▶ [What to produce]: Give back the listing in full and exactly, leaving out the images.

▶ [Data block]:
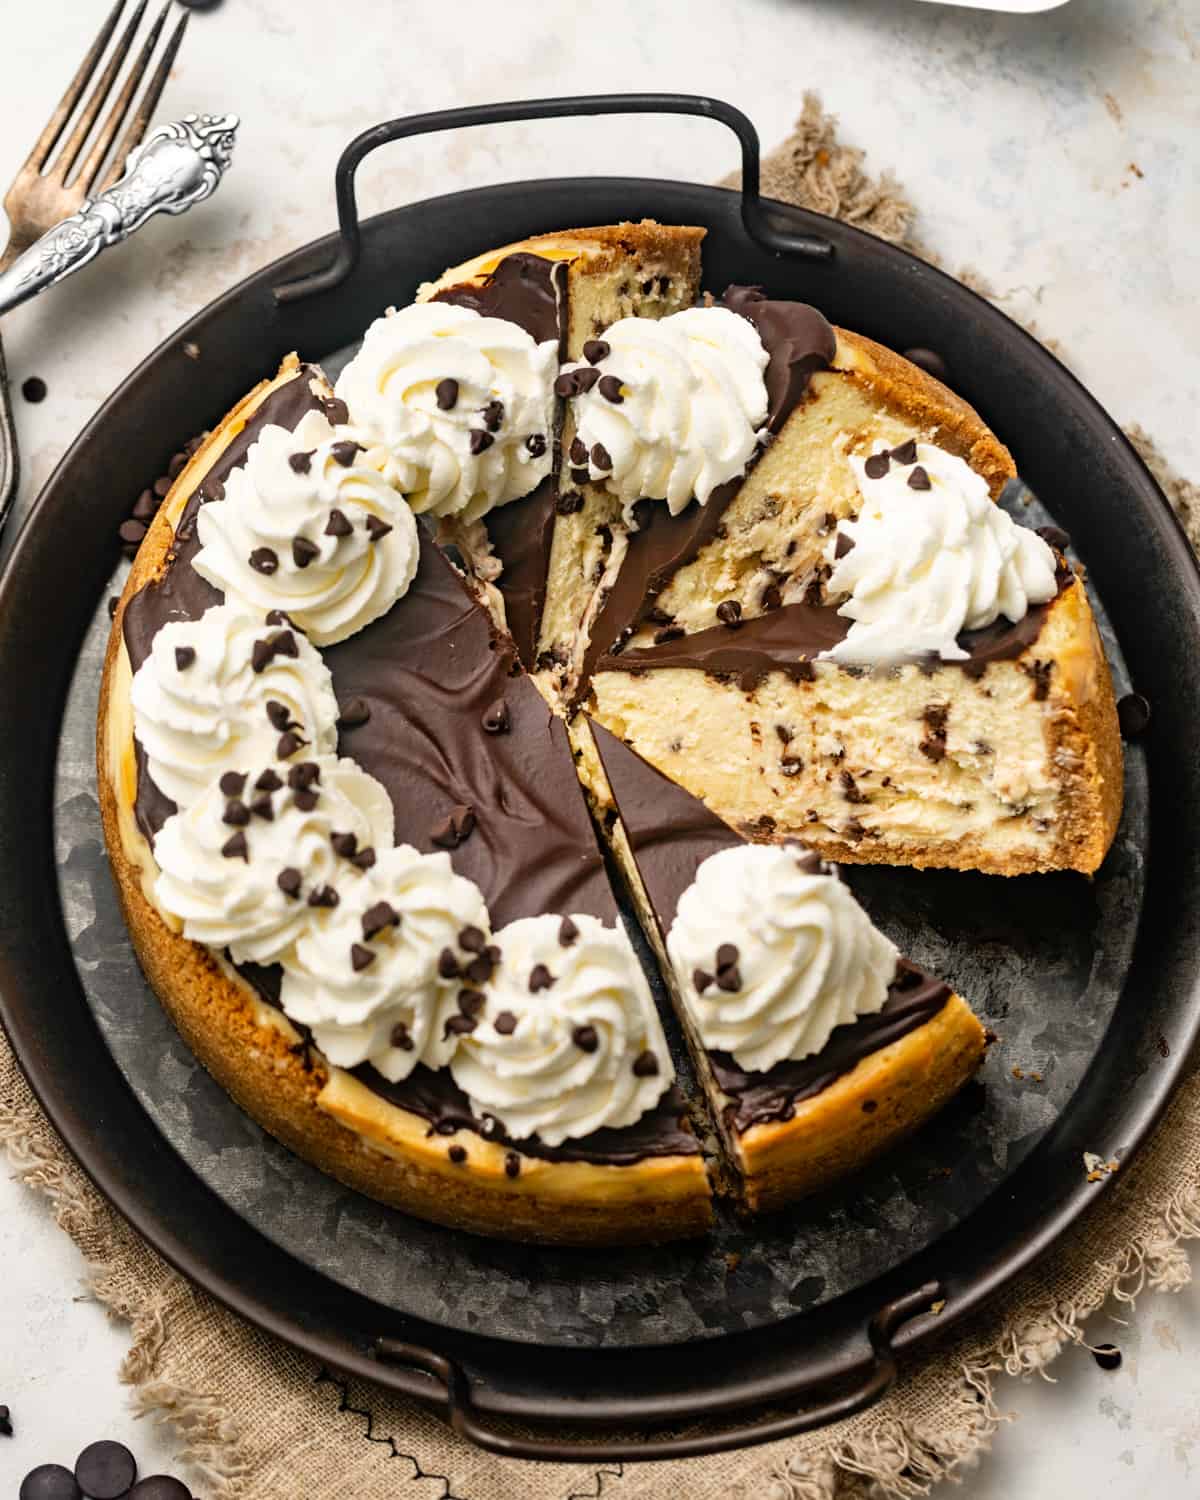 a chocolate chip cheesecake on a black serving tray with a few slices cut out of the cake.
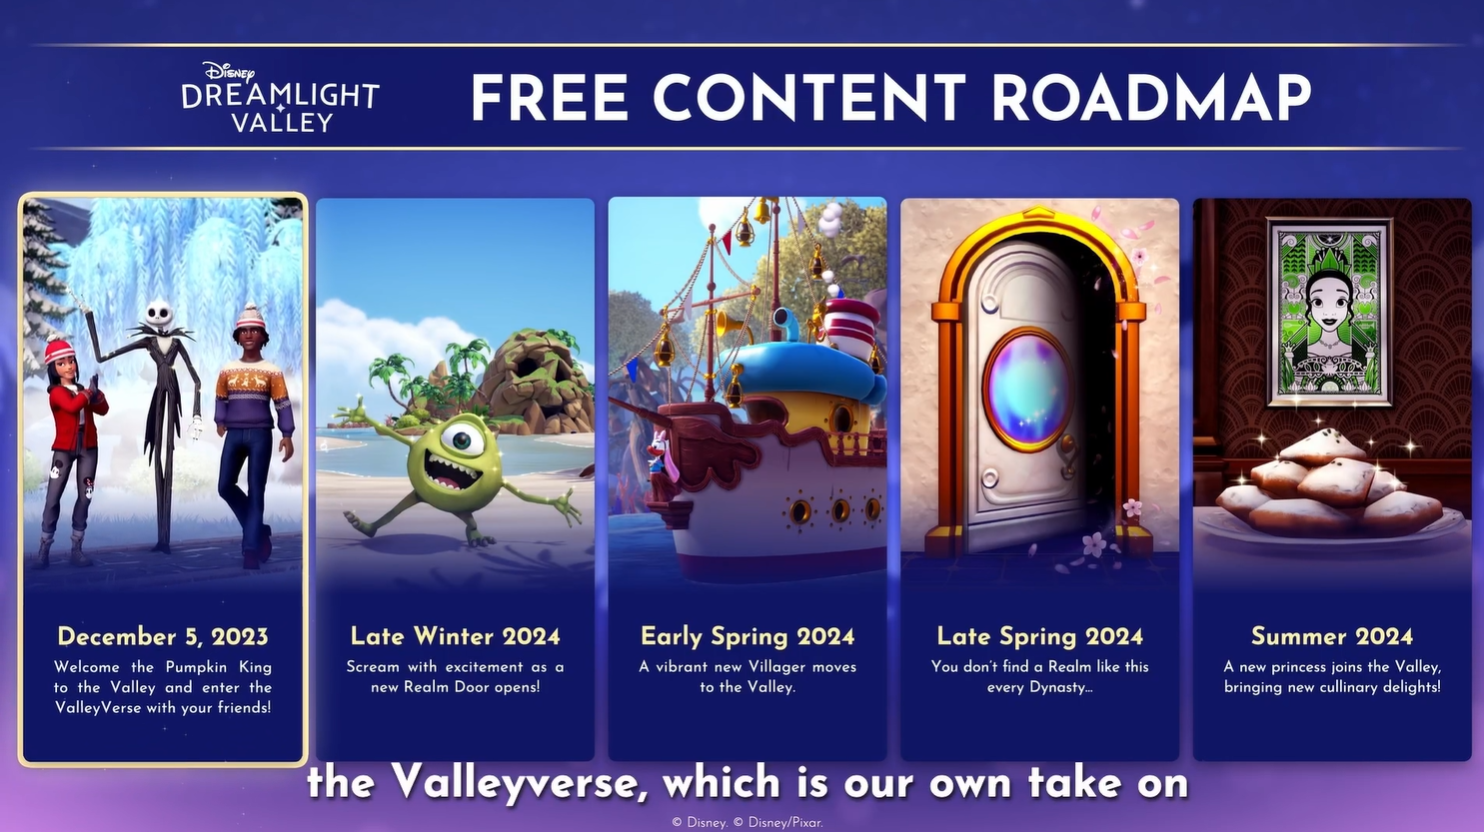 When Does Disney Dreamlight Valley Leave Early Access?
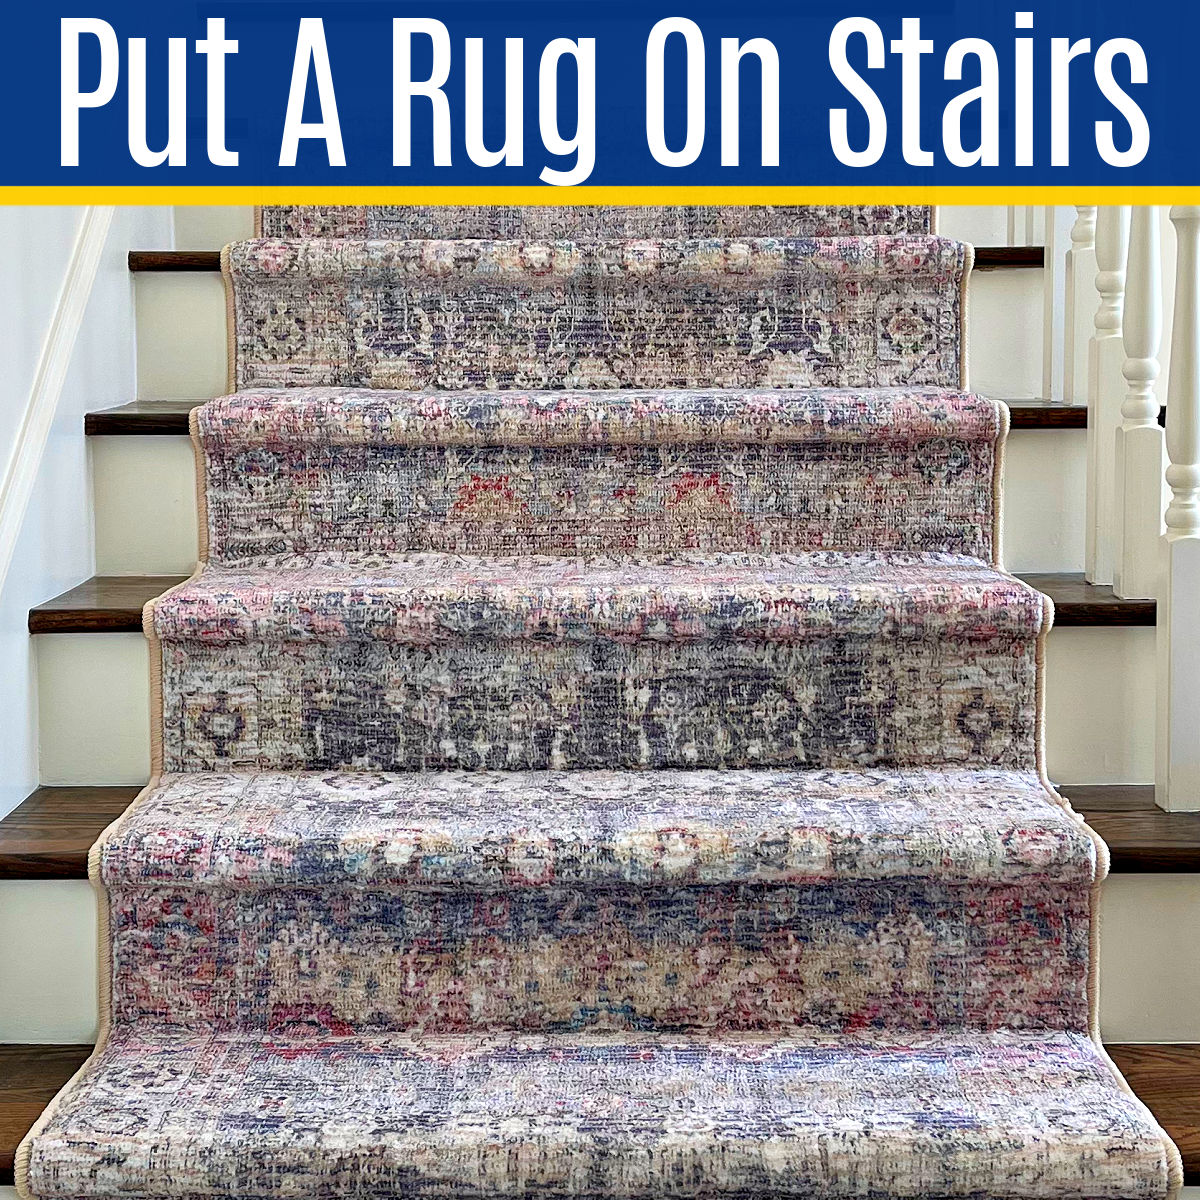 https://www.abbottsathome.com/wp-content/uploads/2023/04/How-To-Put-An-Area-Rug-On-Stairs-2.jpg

▶ [Completed task]:
 a chocolate chip cheesecake on a black serving tray with a few slices cut out of the cake.
 When Does Disney Dreamlight Valley Leave Early Access?
 https://www.abbottsathome.com/wp-content/uploads/2023/04/How-To-Put-An-Area-Rug-On-Stairs-2.jpg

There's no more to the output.